What to work on: Find the line containing "(2016-02-13) - Inauguración" in the material below, then please transcribe it and each line after it exactly, without the pictures.

Dataset section:
* * *
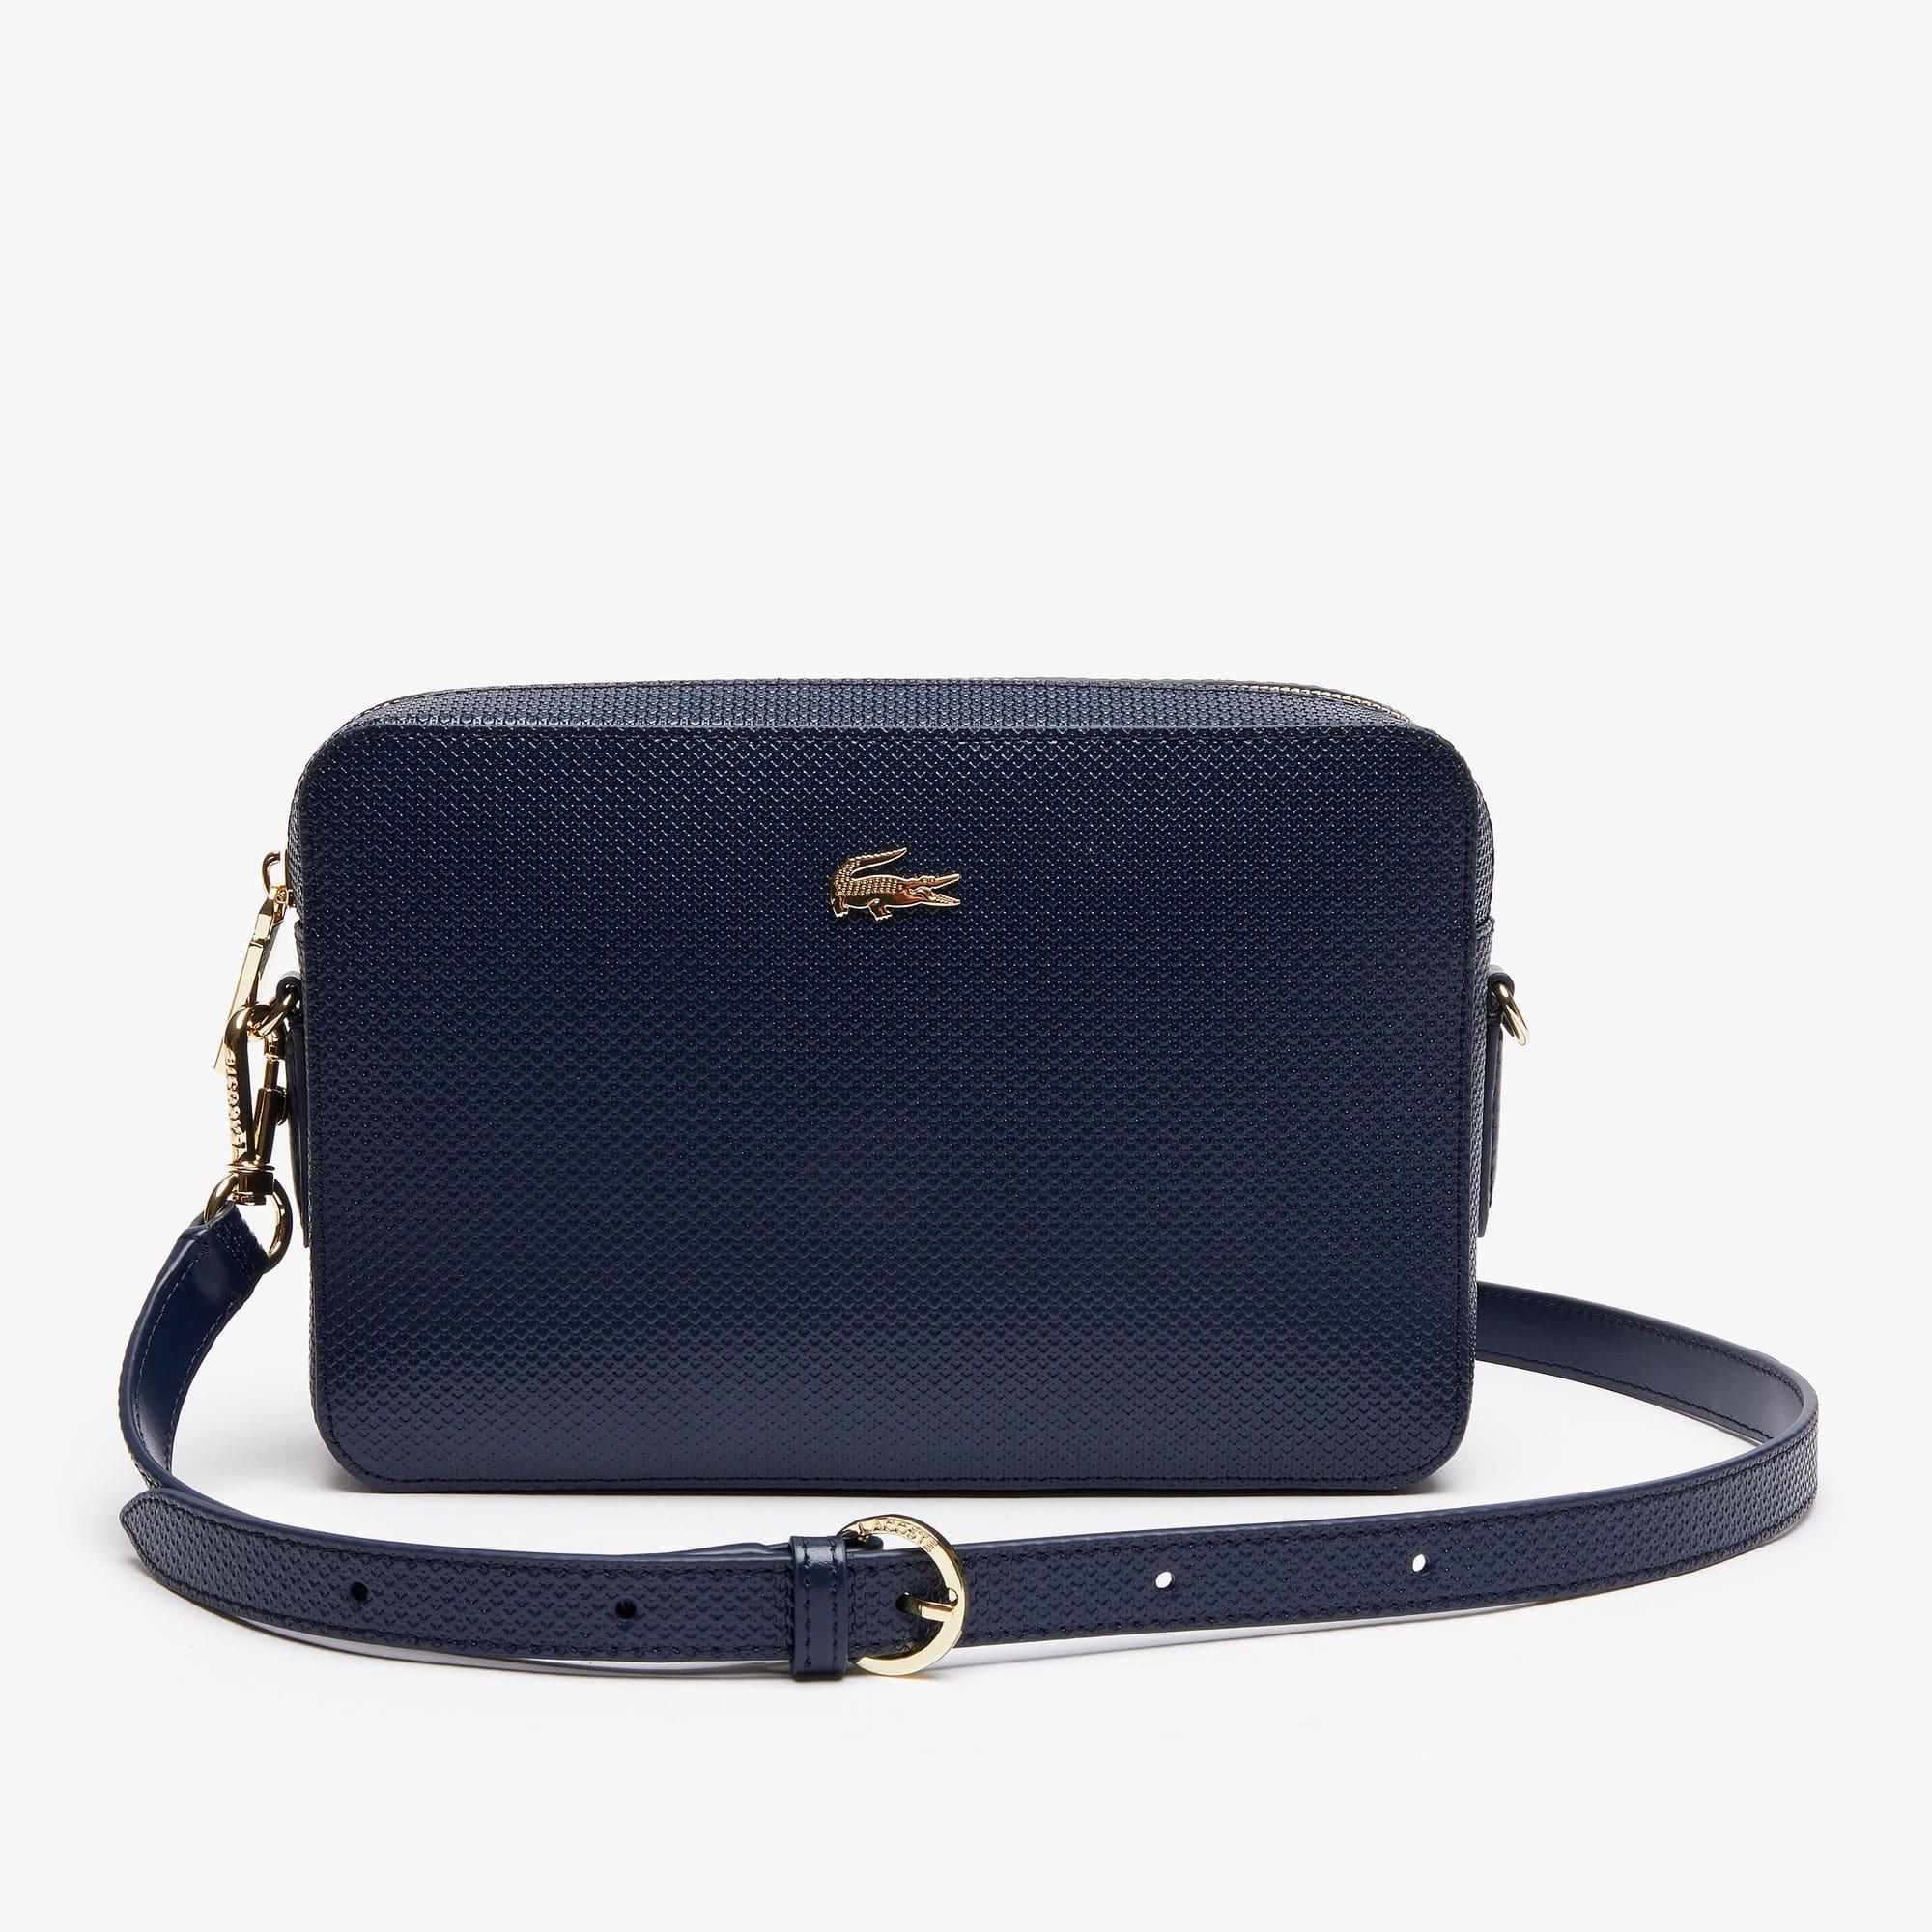 Women's Chantaco Leather Square Shoulder Bag
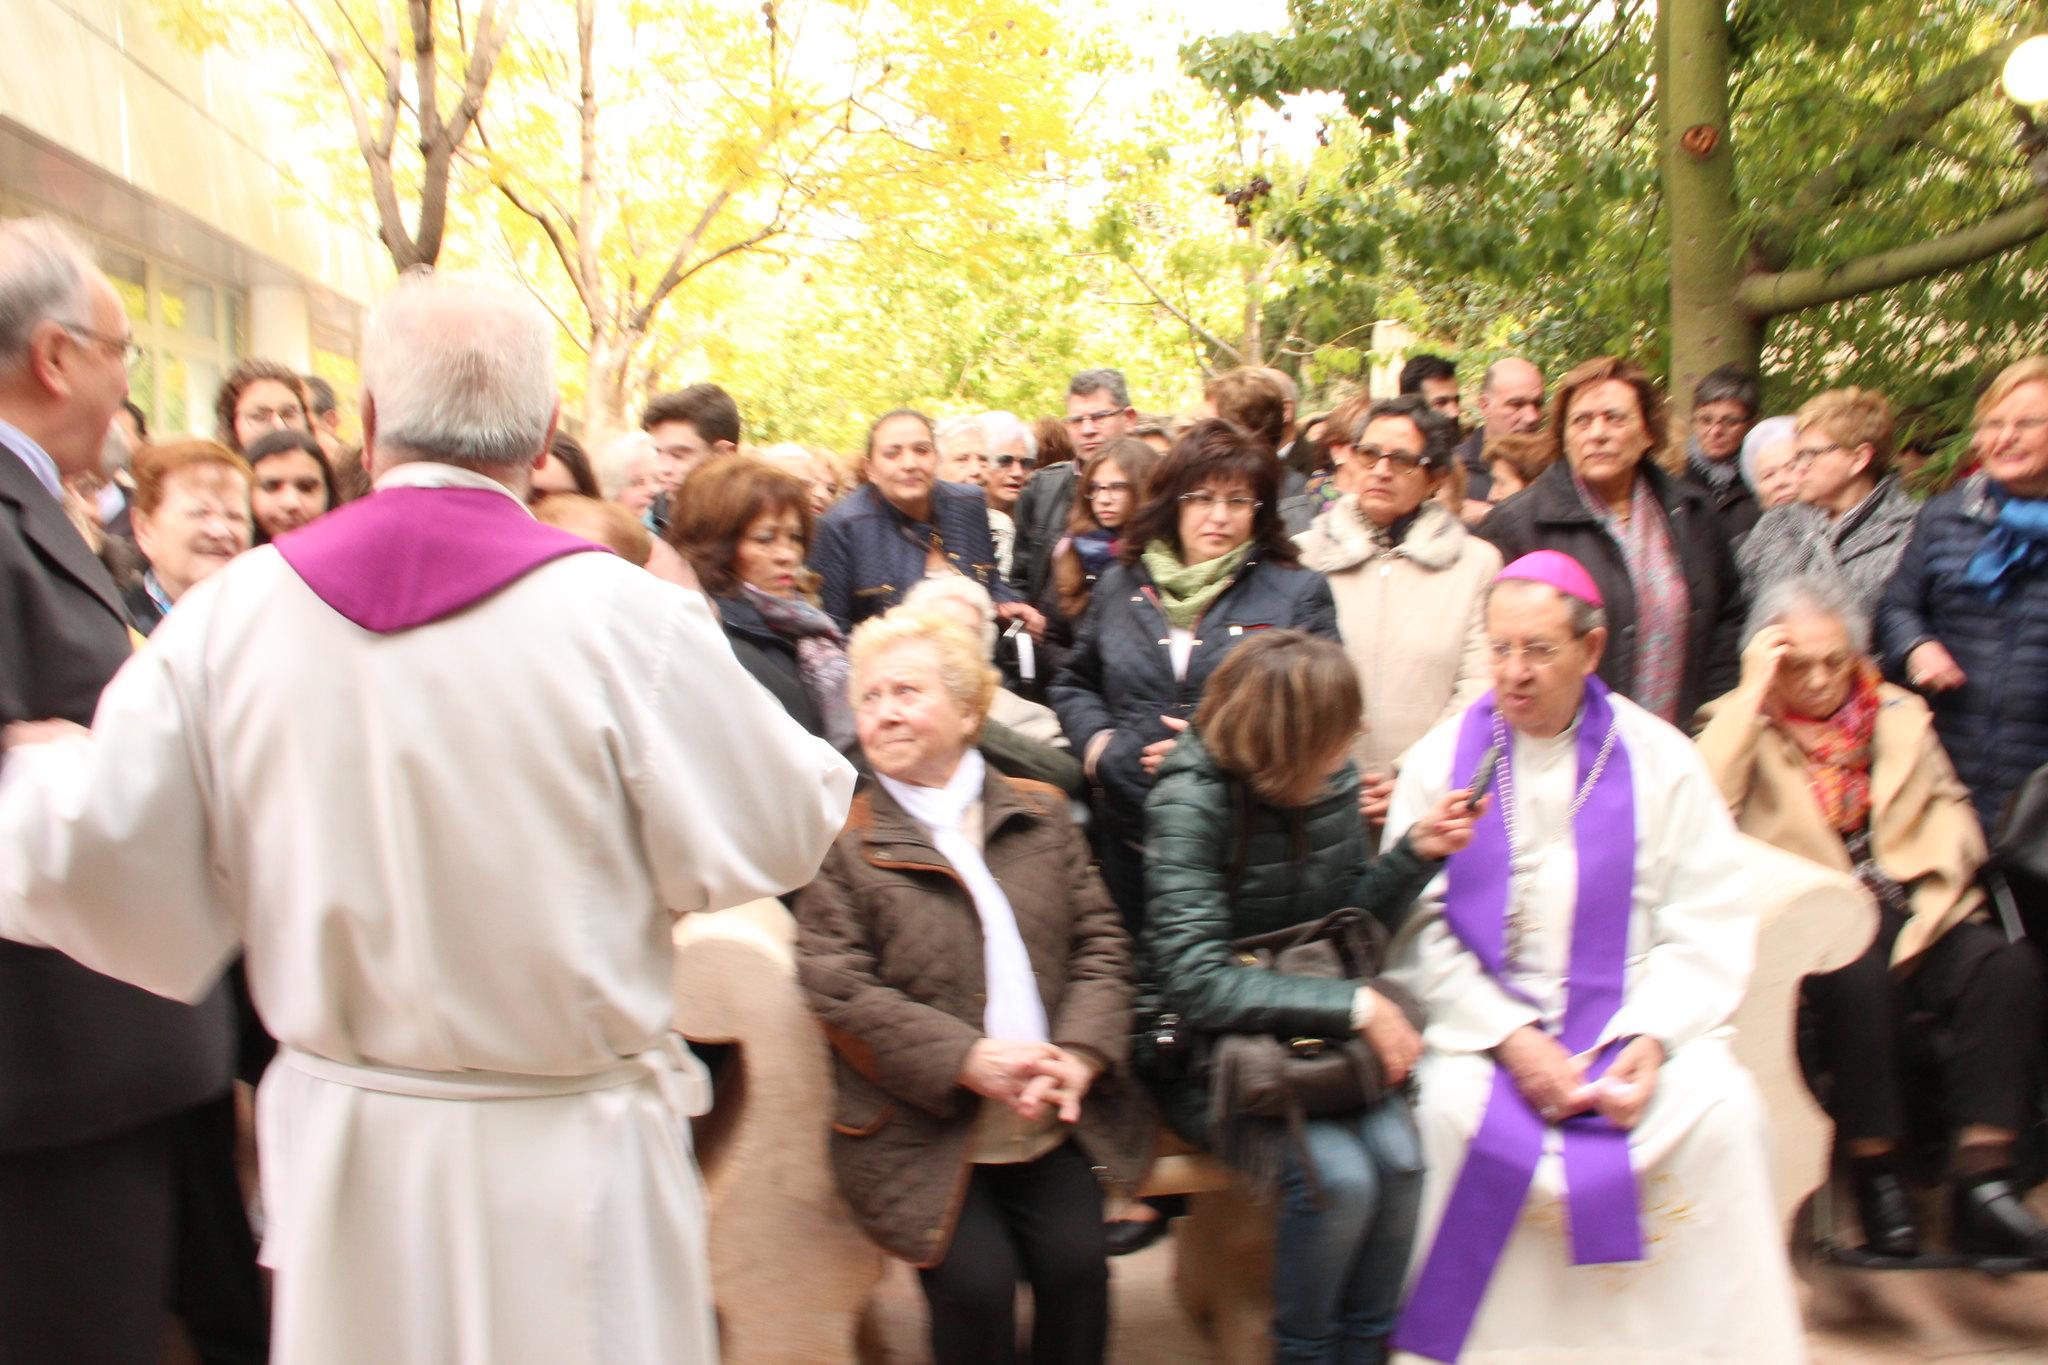 (2016-02-13) - Inauguración Virgen De Lourdes, La Molineta - Archivo La Molineta (066)
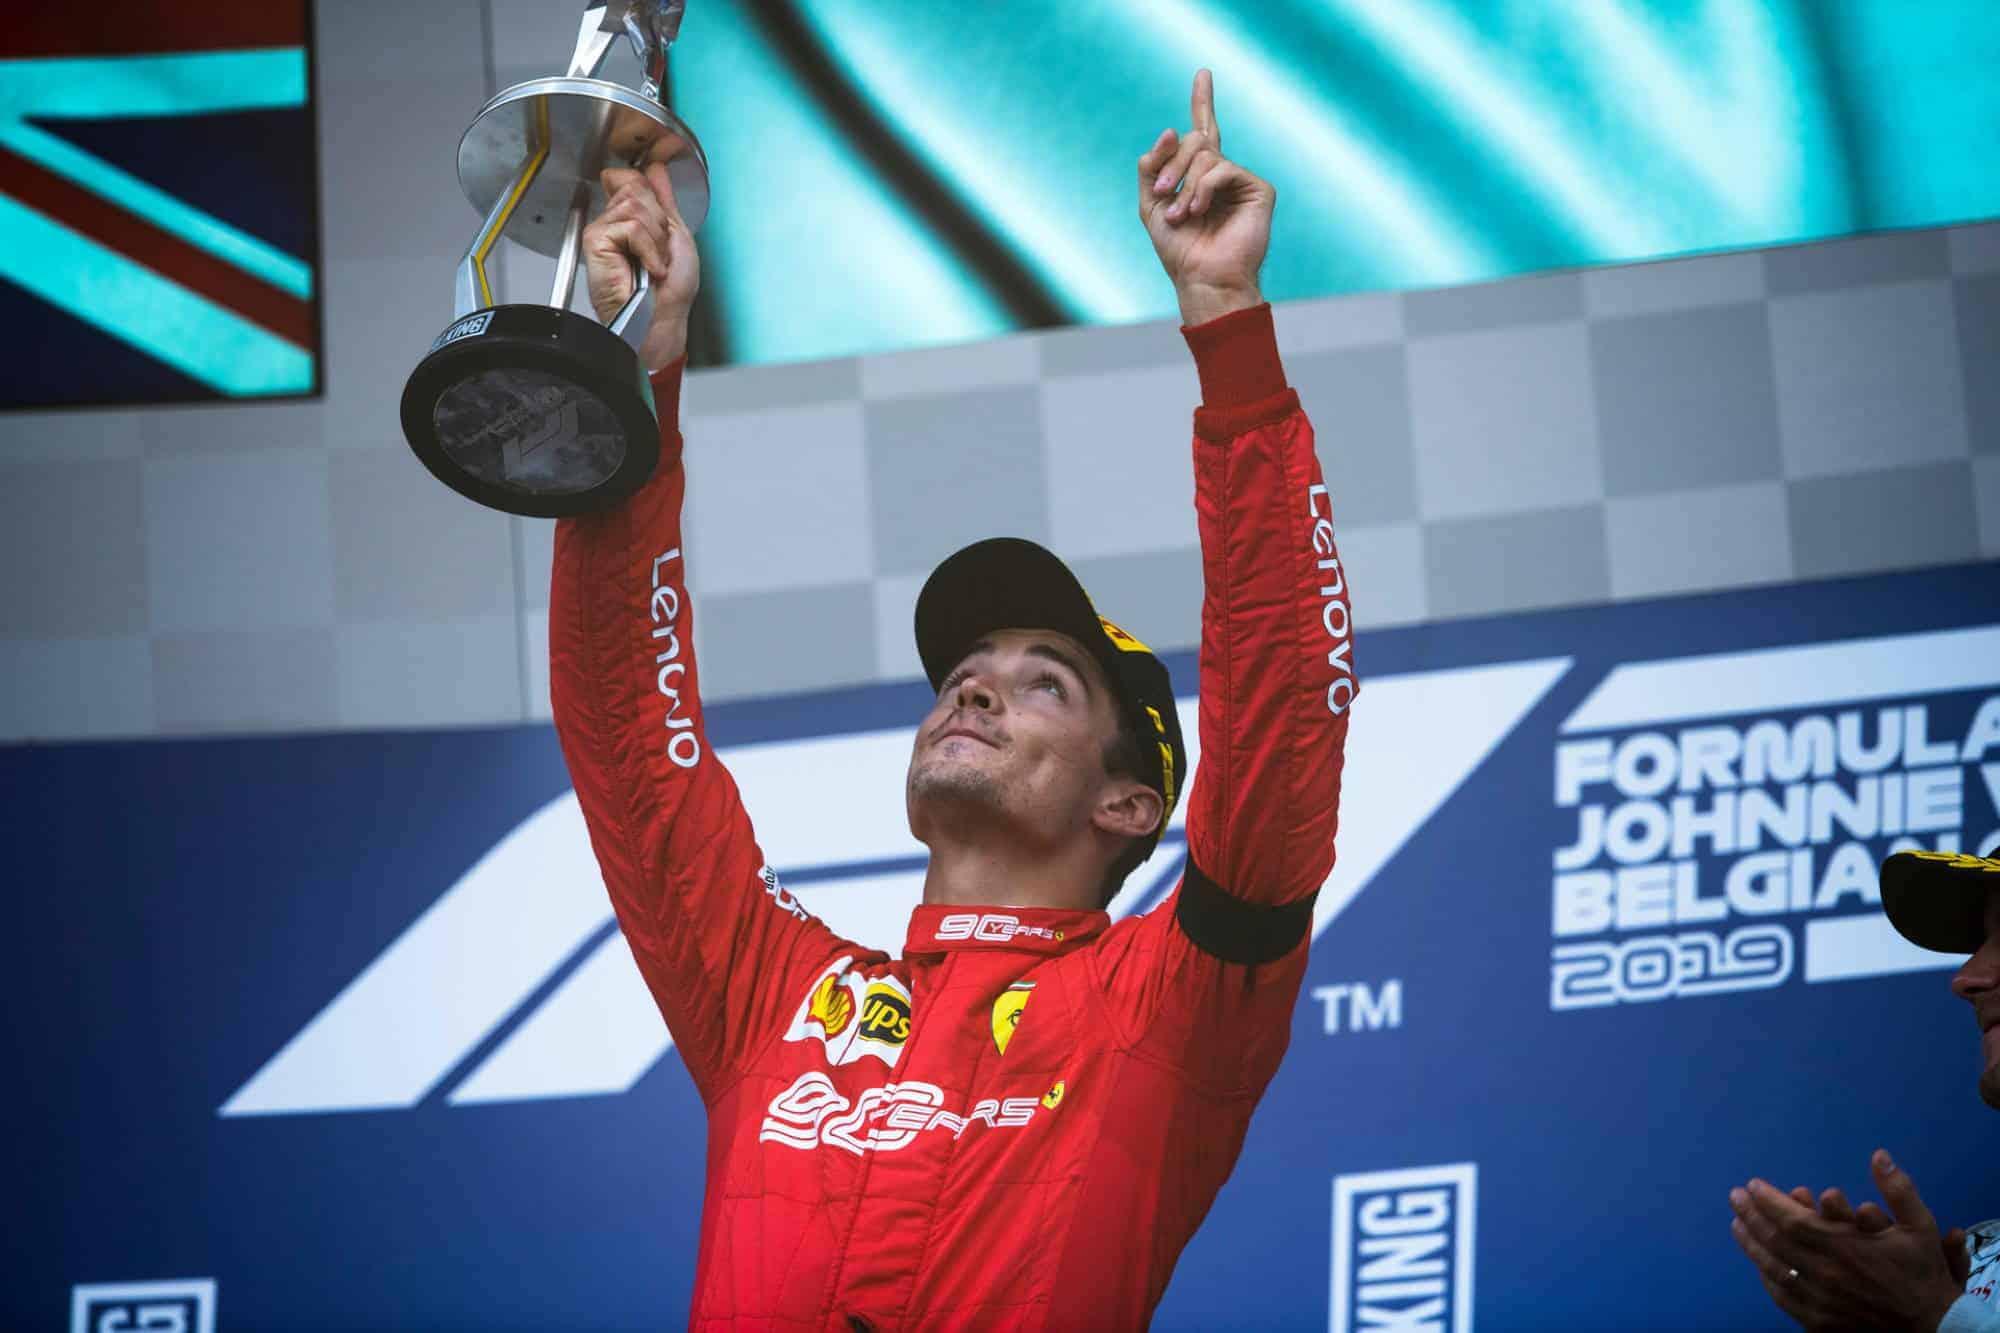 Charles Leclerc Ferrari Belgian GP F1 2019 on the podium Photo Ferrari
* * *
Exercise result:
 (2016-02-13) - Inauguración Virgen De Lourdes, La Molineta - Archivo La Molineta (066)
 Charles Leclerc Ferrari Belgian GP F1 2019 on the podium Photo Ferrari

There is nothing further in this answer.